The anti-American demonstrations raging in the Middle East and North Africa extend beyond the violence of the day, providing a broad diplomatic challenge to President Obama’s attempts to forge relationships with new regimes across the Arab world.
The immediate crisis involves a pair of post-revolutionary Arab countries — Egypt and Libya — that Obama has worked to ensure will be supporters of the United States as they endure difficult transitions from autocracies to self-government.
Now part of a bitter U.S. presidential campaign, the attacks this week will test the diplomacy Obama will use to salvage two badly damaged relationships, as well as his broader remedial project with the Islamic world. But first he must define again who are his nation’s friends and how in the future to describe them.

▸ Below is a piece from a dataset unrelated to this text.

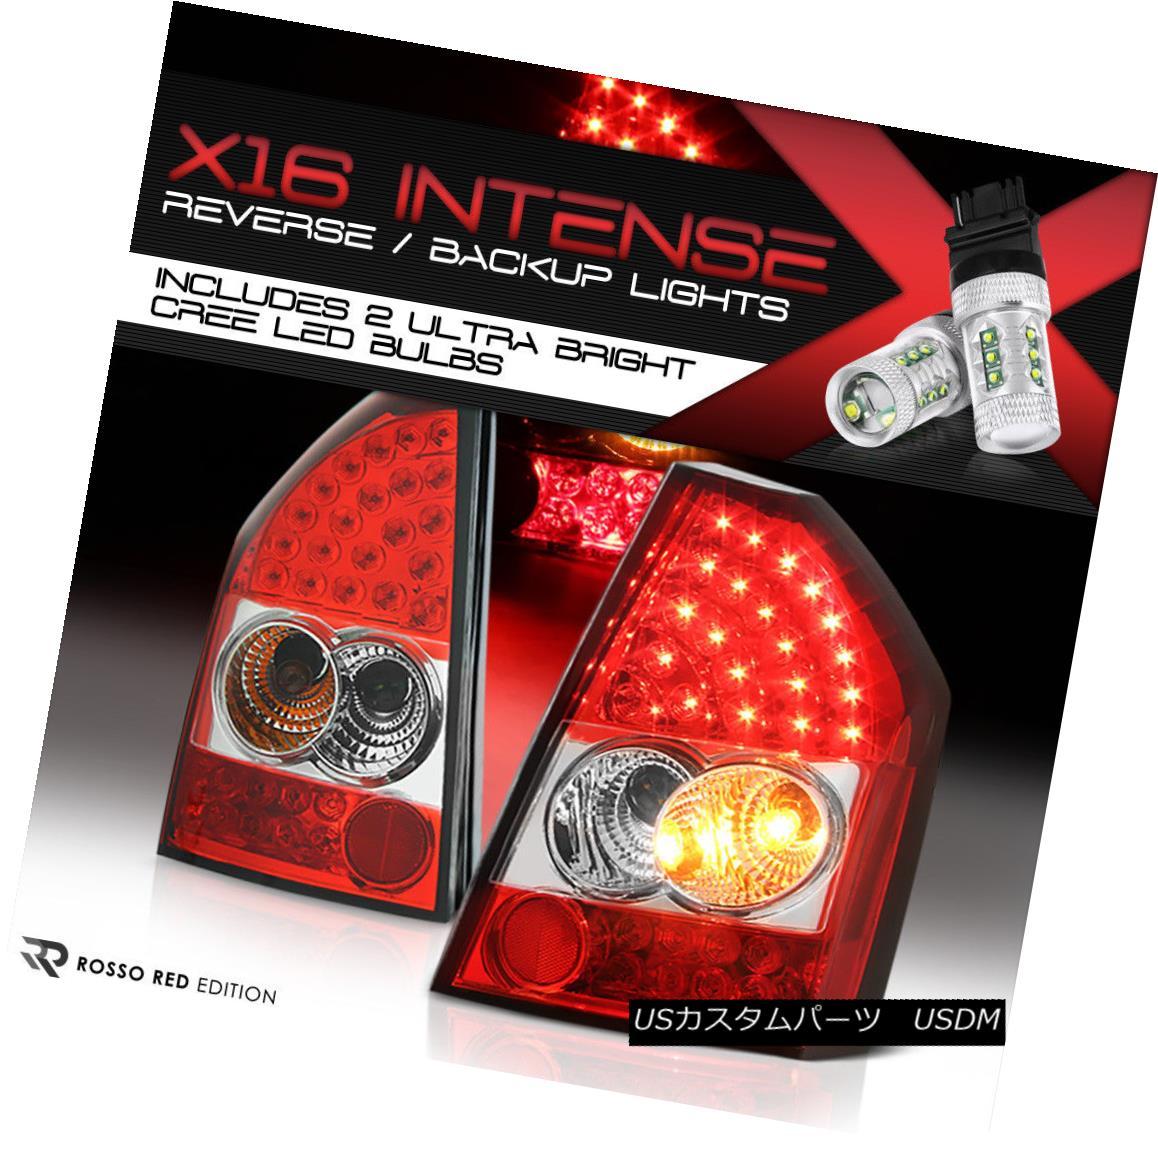 テールライト {Cree LED Reverse} 08-10 Chrysler SRT8 300C LED {STUNNER RED} Tail Lights LH RH {クリーLED逆転} 08-10クライスラーSRT8 300C LED {スタナーレッド}テールライトLH RH

In an interview this week, Obama said he would no longer call Egypt an “ally” after the mob attack on the U.S. Embassy in Cairo, nor would he refer to the influential Arab nation as an enemy. The answer drew a response from Republican presidential nominee Mitt Romney, who listed ways Egypt could restore its relationship as an ally of the United States.
But experts say the term “ally” has become a Cold War relic, virtually meaningless in the Middle East, where public opinion was long silenced but freedom of speech seems to be emerging. Foreign aid, diplomatic assistance and even direct military intervention no longer guarantee loyalties from newly elected governments or newly liberated people.
The challenge for Obama, a foreign policy pragmatist, is to define the changing relationships in a way that captures the nascent political forces shaping each and protects U.S. interests.
“ ‘Ally’ to me sounds like a partner whose interests coincide with yours on whatever the most important issue of the day is,” saidMoeed Yusuf, a South Asia adviser at the U.S. Institute of Peace. He said the social media term “frenemy” was not far off in capturing the nature of the new alliances.
Like Egypt, Pakistan is a country essential to U.S. interests but at times difficult to call an ally. It receives more than $2 billion in U.S. aid a year and has lost thousands of people in its fight against armed Islamist groups within its borders.
But while the Obama administration and the Pakistani government have a shared interest in fighting al-Qaeda, which threatens each, Pakistan’s intelligence service is less interested in seeing a weakened Taliban, a major American goal.
The attacks this week in the Middle East and North Africa highlighted how the United States, despite Obama’s support of some of the popular uprisings in the region, has evolved from a heavy-handed symbol of authority to a more vulnerable target since the collective uprisings known as the Arab Spring began unfolding early last year.
White House officials have said the attacks in Libya and Egypt were provoked by an Internet video mocking the prophet Muhammad. But Arab demonstrators across the region appeared to use the video to draw people to rallies where the United States and its chief ally in the region, Israel, became the central focus of their anger. In Libya, the deadly attack onthe U.S. Consulate in Benghazi appeared to be planned.